What is f'(x)? In relation to all tangents to the graph of f(x)?

f'(x) is the slope of all those tangent lines.

So for the tangent lines that pass through the origin (0,0), you have a known point, and the the slope of the tangent lines.

Using the point-slope form of the equation of a line,

(y -y1) = m(x -x1) -------**

with (0,0) as (x1,y1), and (2x -4) as m,

(y -0) = (2x -4)(x -0)

y = (2x -4)*x ---------(i), the equation of all tangent lines that pass through (0,0).

We did not expand the righthand side into (2x^2 -4x) because that will be confusing.
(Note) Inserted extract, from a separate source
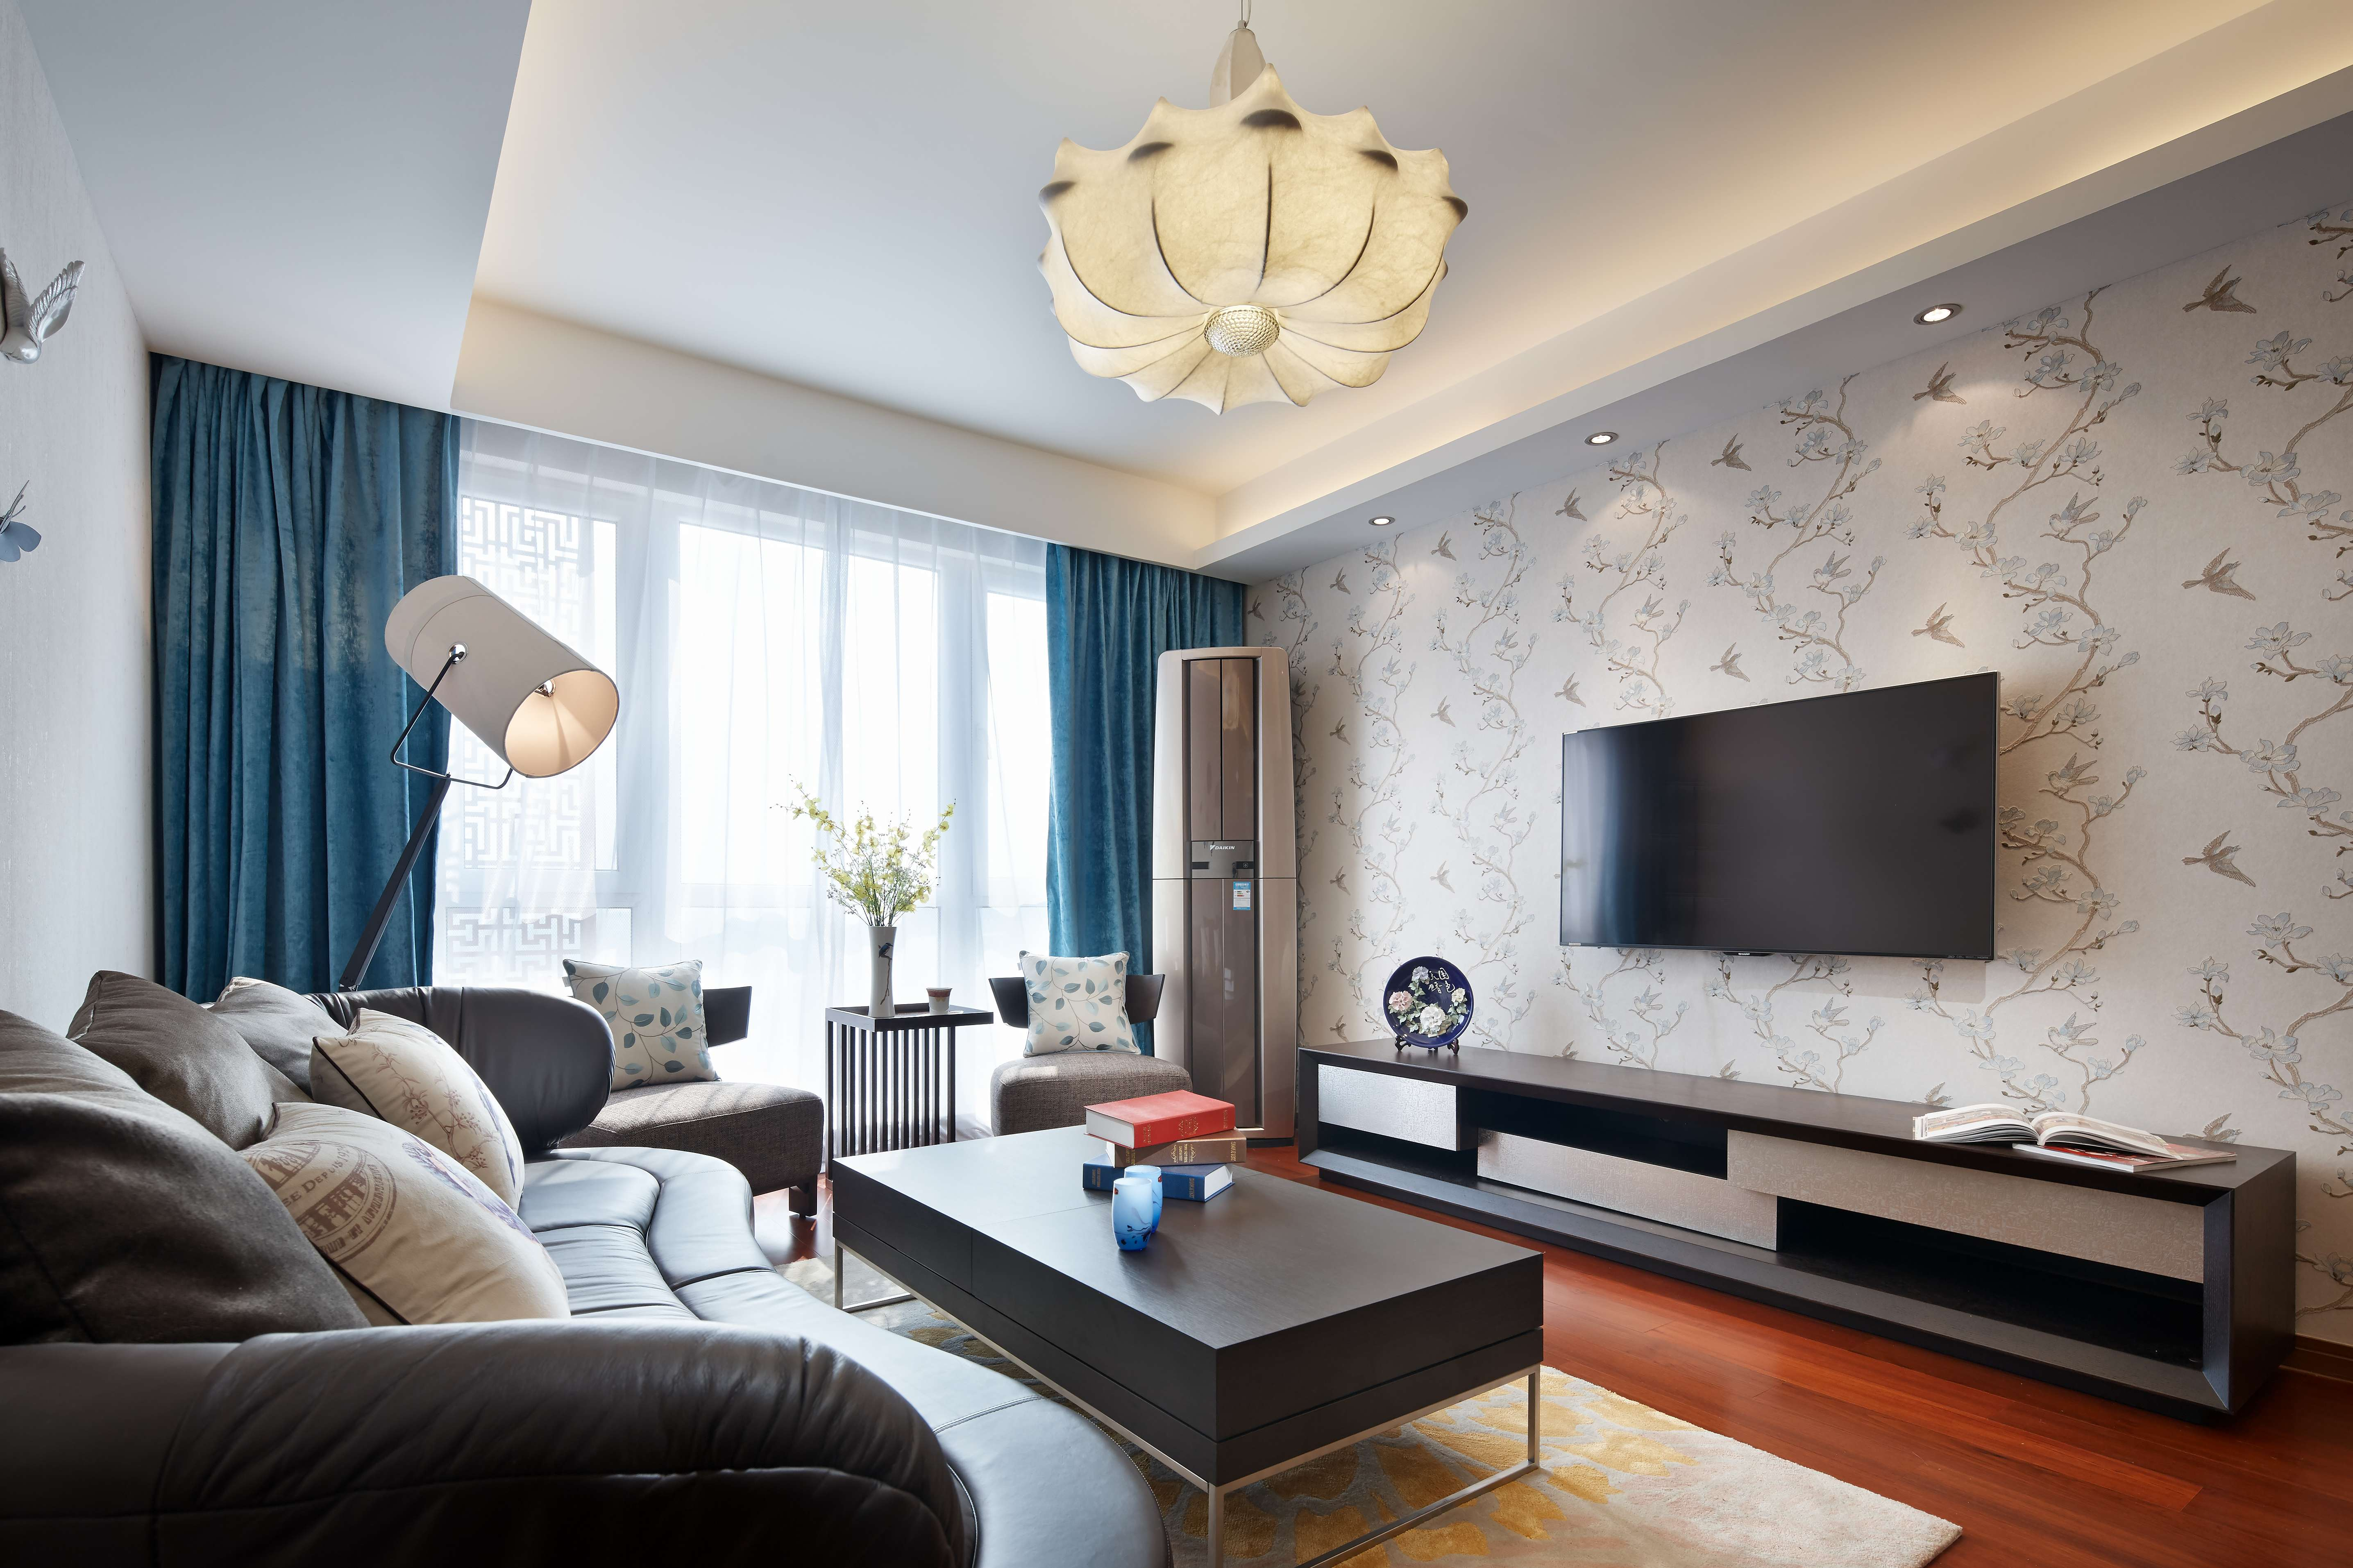 现代简中式三居客厅装修效果图

A tangent line is a straight line, and y = 2x^2 -4x is not a straight line

Each of those tangent lines have a point in common with f(x). That is the point of tangency. At that point, the coordinates of f(x) and of the tangent line are one and the same. So, the y-coordinate of f(x) is the same as the y-coordinate of the tangent line.

The y of f(x) is f(x). It is (x^2 -4x +25).
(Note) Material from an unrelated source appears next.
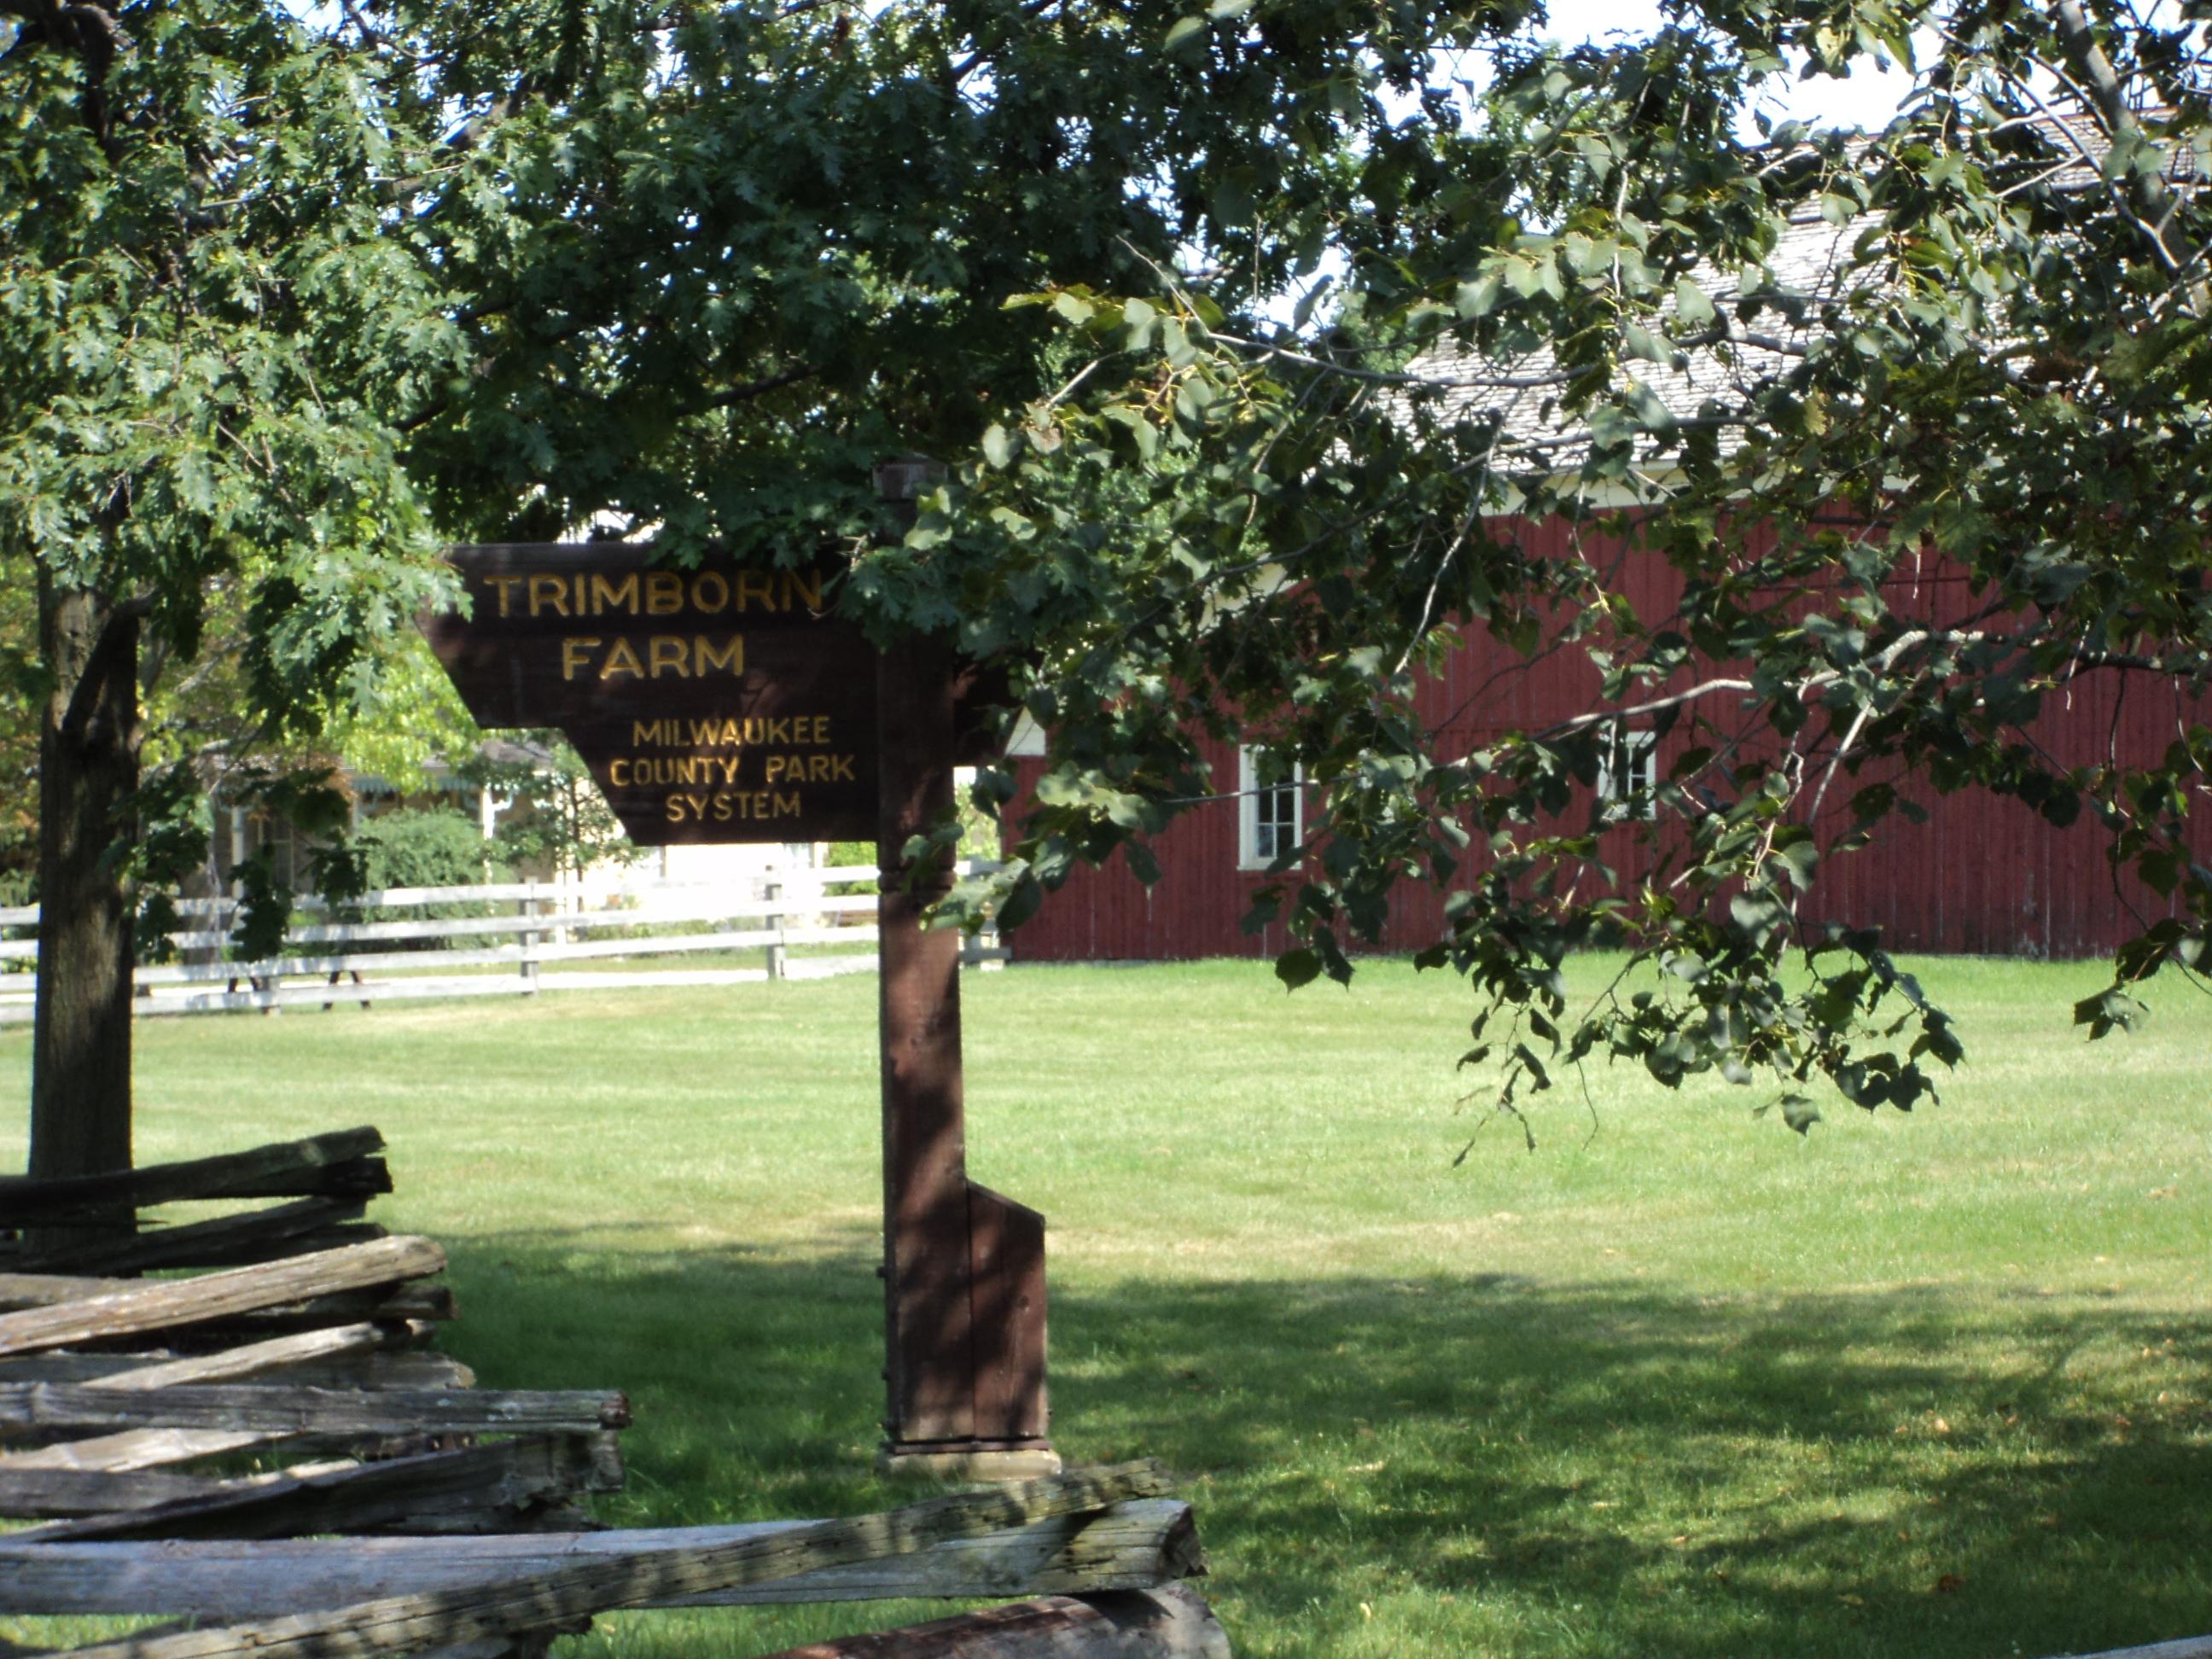 Trimborne Farm

The y of the tangent line is (2x-4)x

Since those two y's are the same, then,

(2x -4)x = x^2 -4x +25

Simplifying,

2x^2 -4x = x^2 -4x +25

x^2 = 25

x = +,-5

when x = 5,

m = f'(5) = 2(5) -4 = 6

So, the tangent line is

y = (6)x

y = 6x ---------------------answer.

when x = -5,

m = f'(-5) = 2(-5) -4 = -14

So, the tangent line is

y = (-14)x

y = -14x ---------------------answer.

Therefore, there are only two of those tangent lines to f(x) = x^2 -4x +25 that pass through the origin (0,0).